Compare an integer and an address of a variable

Question

I need help on how to compare an address of a variable with an integer. //or a case of comparing pointers with integers.//

It is required that the program should have an array with initialized values. The program should display both the value and the address of the values. Then the program asks the user to input the address of the value the user wants to change. I want to display an error message like "Invalid Input!" when the program detects that the inputted address is not among the available addresses.

Sample output should be:

  data[1] = 11
  data[2] = 22
  data[3] = 33
  data[4] = 44

  address[1] = 2538816
  address[2] = 2538820
  address[3] = 2538824
  address[4] = 2538828

  enter address: 2538888
  Invalid Input!

I already created the code, it works, but it gives me a warning because i am casting it wrong( and I know that casting is not appropriate for what i need). My only focus is this:

• The user inputs an address to a int variable from the available addresses.
• the address that the user inputted should be compared to the available addresses. (this is the problem)
• if the inputted address is among the available ones, the user is to change the value stored on the address the user inputted.
• if not, the program should display Invalid Input!

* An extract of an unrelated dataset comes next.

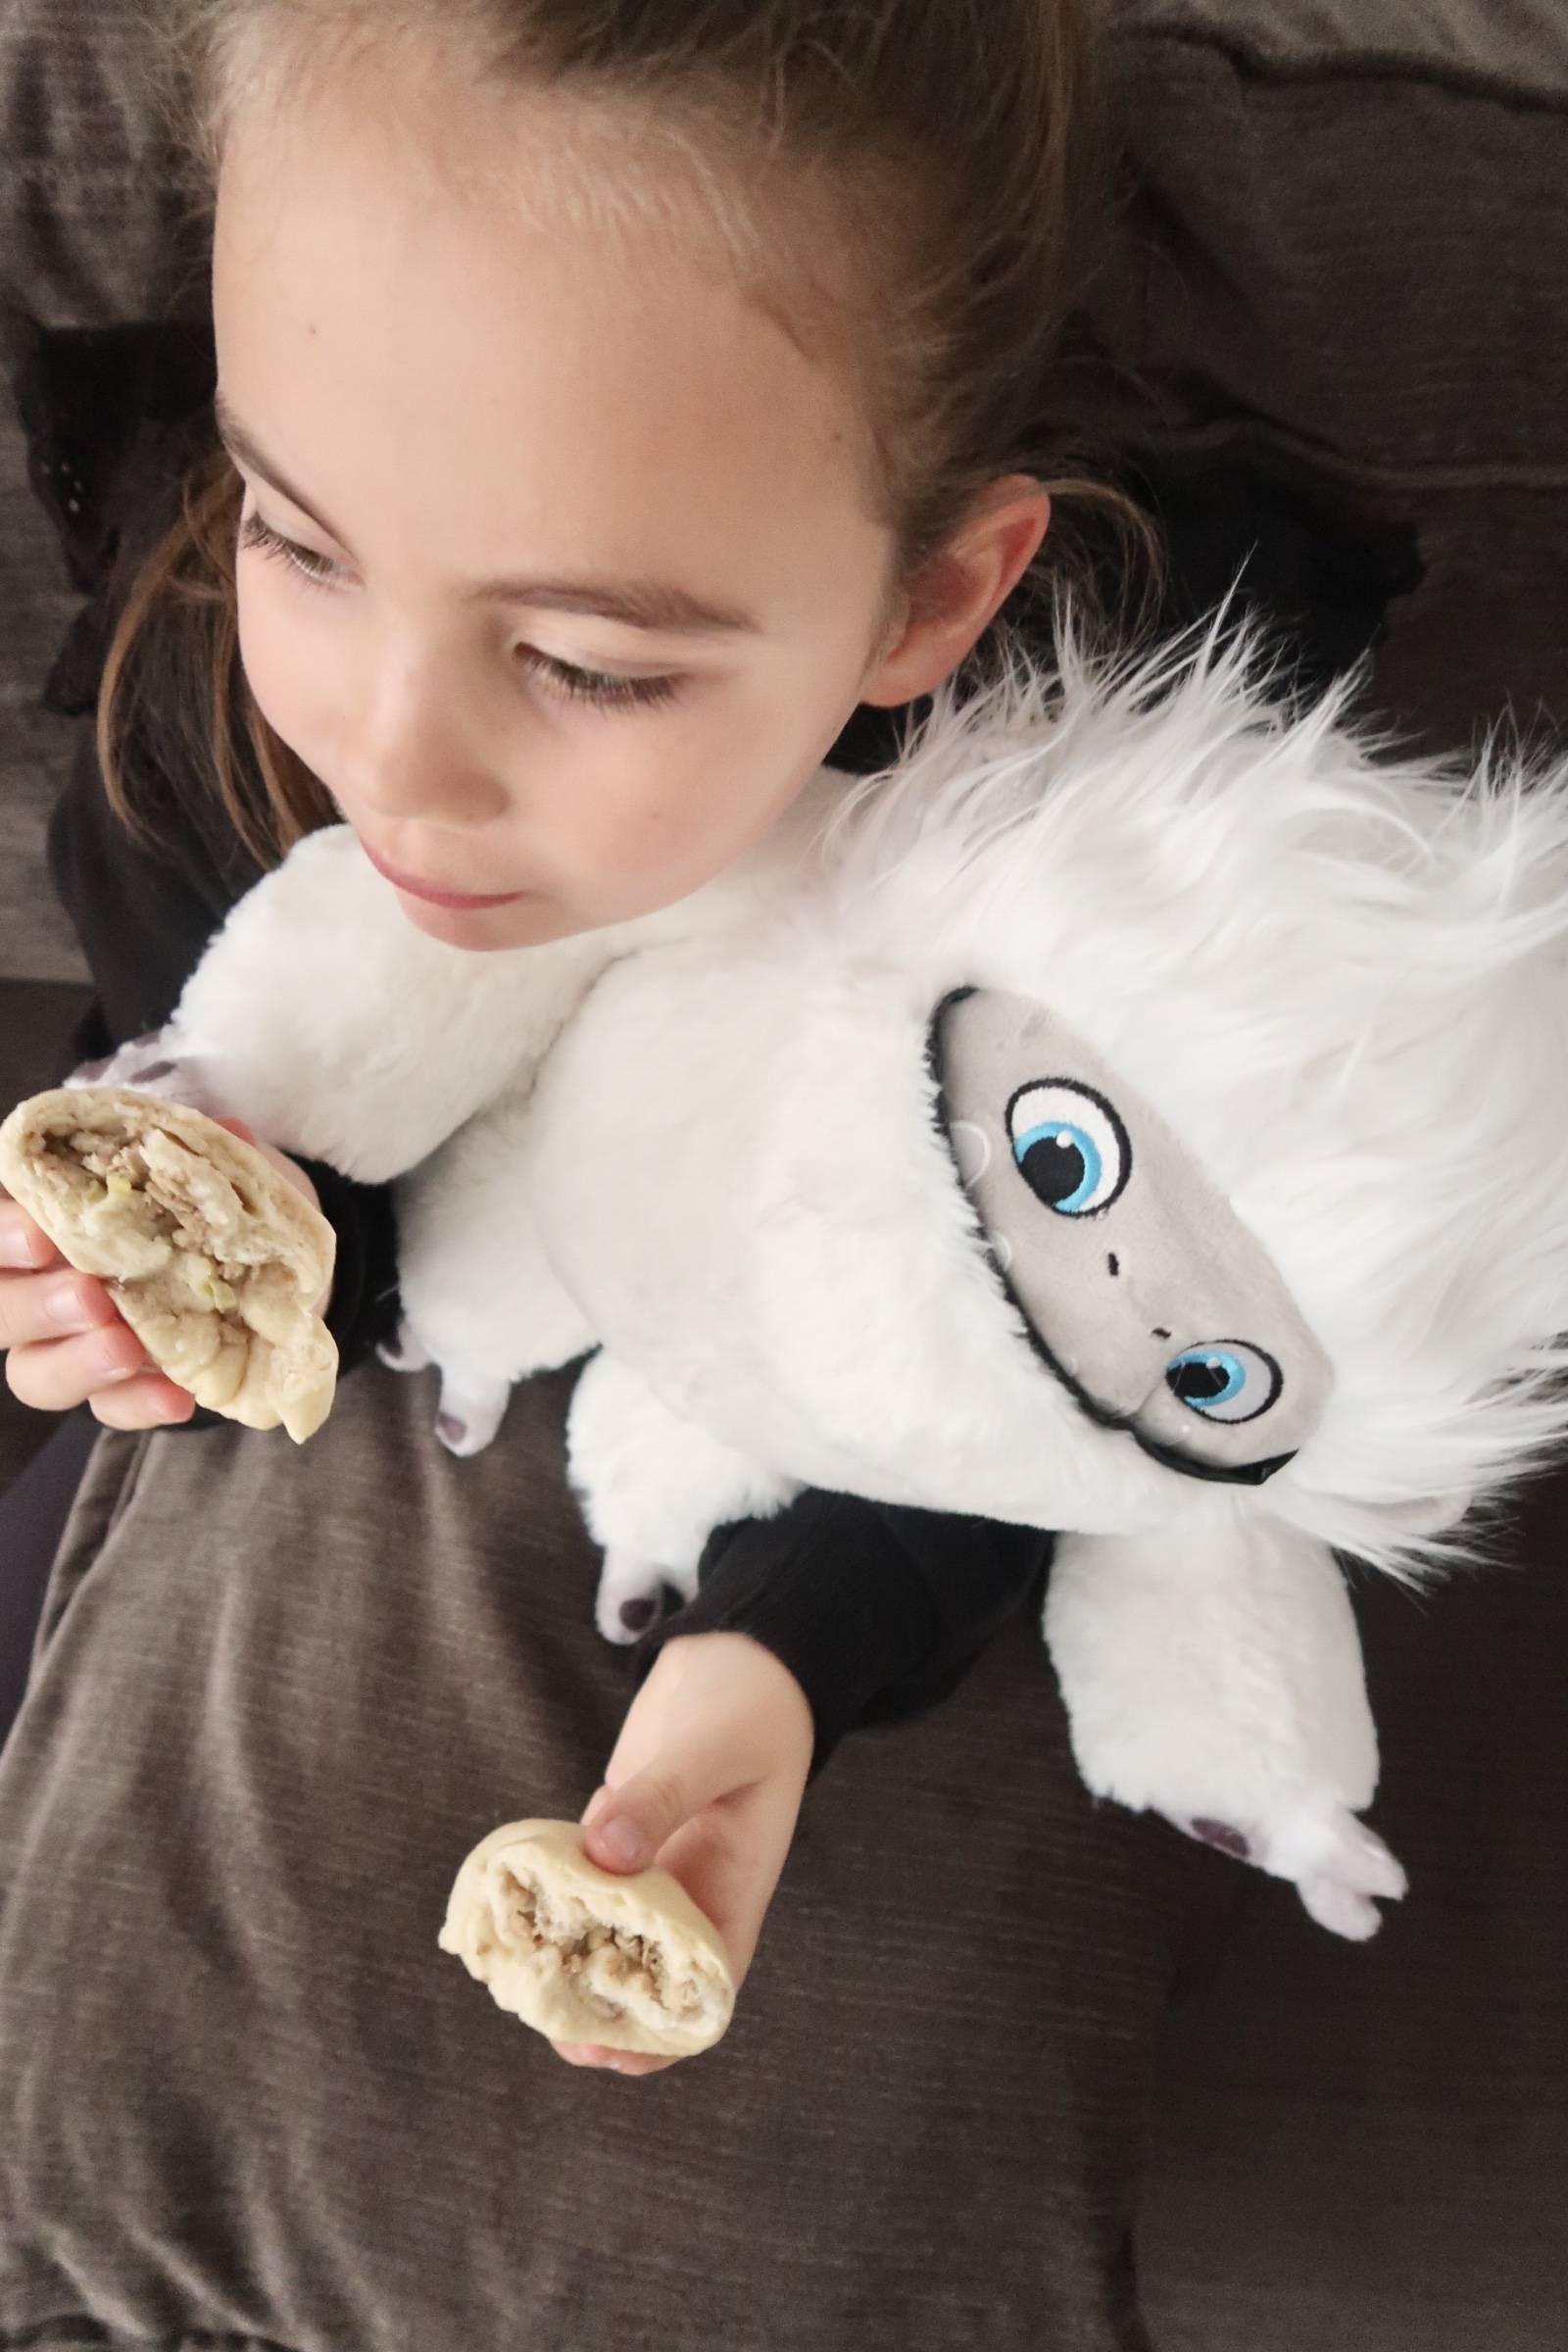 Child eating boo bun while cuddling fluffy yeti toy

also, a requirement for the program is that when the "Program asks the user to enter an address. The address is stored in a temporary int variable, and then copied to the integer pointer."

main()
{
    int var = 4, temp;
    int data[5]={11, 22, 33, 44};
    int* pVar;
    pVar = &var;
    char choice;
    void display(int, int*);

    while(1)
    {
        display(var,data);

        while(1)
        {
            printf("\nEnter address: ");
            scanf("%d", &temp);
            int check=0;

            for(int i=0; i<4; i++)
            {
                if((int*)temp==&data[i])
                {
                    check=1;
                    break;
                }
            }
            if(check==1)
            {
                *pVar = temp;
                break;
            }
            else
            {
                printf("Invalid Input!\n");
            }
        }

        printf("Enter integer: ");
        scanf("%d", *pVar);

        display(var,data);

        while(1)
        {
            getchar();
            printf("\n\nDo you want to restart? [Y] Yes or [N] No: ");
            scanf("%c", &choice);

            if(choice=='Y'||choice=='y'||choice=='N'||choice=='n')
            {
                break;
            }
            else
            {
                printf("Invalid Input!\n");
            }   
        }

        if(choice=='N'||choice=='n')
        {
            break;
        }
    }//endline13
system("PAUSE");
}

void display(int var, int data[4])
{
    system("cls");
        printf("Values---------------------------*\n\n");
        printf("var = %d\n\n", var);

        for(int i=0; i<4; i++)
        {
            printf("data[%i] = %i\n", i, data[i]);
        }

        printf("\nAddresses---------------------------*\n\n");
        printf("Address of variable = %d\n\n", &var);

        for(int i=0; i<4; i++)
        {
            printf("Address of data[%i] = %i\n", i, &data[i]);
        }
}

Answer 1

what you are required to do is let the user enter a number, and interpret it as a pointer. First you have to check the pointer, next you have to use it. If you need to interpret a number as a pointer, you need a typecast. To make it easier for yourself, you should do this once, and use the result both for the checking and the assignment.

int temp;
scanf("%d", &temp);

Now you have the address in temp. First typecast this to a pointer;

int *tempptr;
tempptr = (int*)temp; // compiler will issue a warning for this.

Note this can only work if the size of an int is identical to the size of int *, you can generate a compiler error if it is not:

#if sizeof(int) != sizeof(int *)
#error cannot typecast int to int *
#endif

I believe the way you check was correctly, but you can now use tempptr instead

//if((int*)temp == &data[i])
if  ( tempptr   == &data[i])

This is strange:

int var = 4;
int* pVar;
pVar = &var;
*pVar = temp;  // this means: var = temp

Here you are using temp no longer as a pointer, but as an integer again. If you use tempptr you don't need pVar and var.

The scanf will probably do what you need, but it is very confusing as you are doing an implicit typecast;

 scanf("%d", *pVar); 

*pVar is an int, but scanf expects an int *. If you would really want this, it requires a decent comment explaing to others who read the code what you are doing here. Without it, anybody else would simply mark this line as wrong.

If you use tempptr instead, you use an int * where scanf expects an int *

 scanf("%d", tempptr);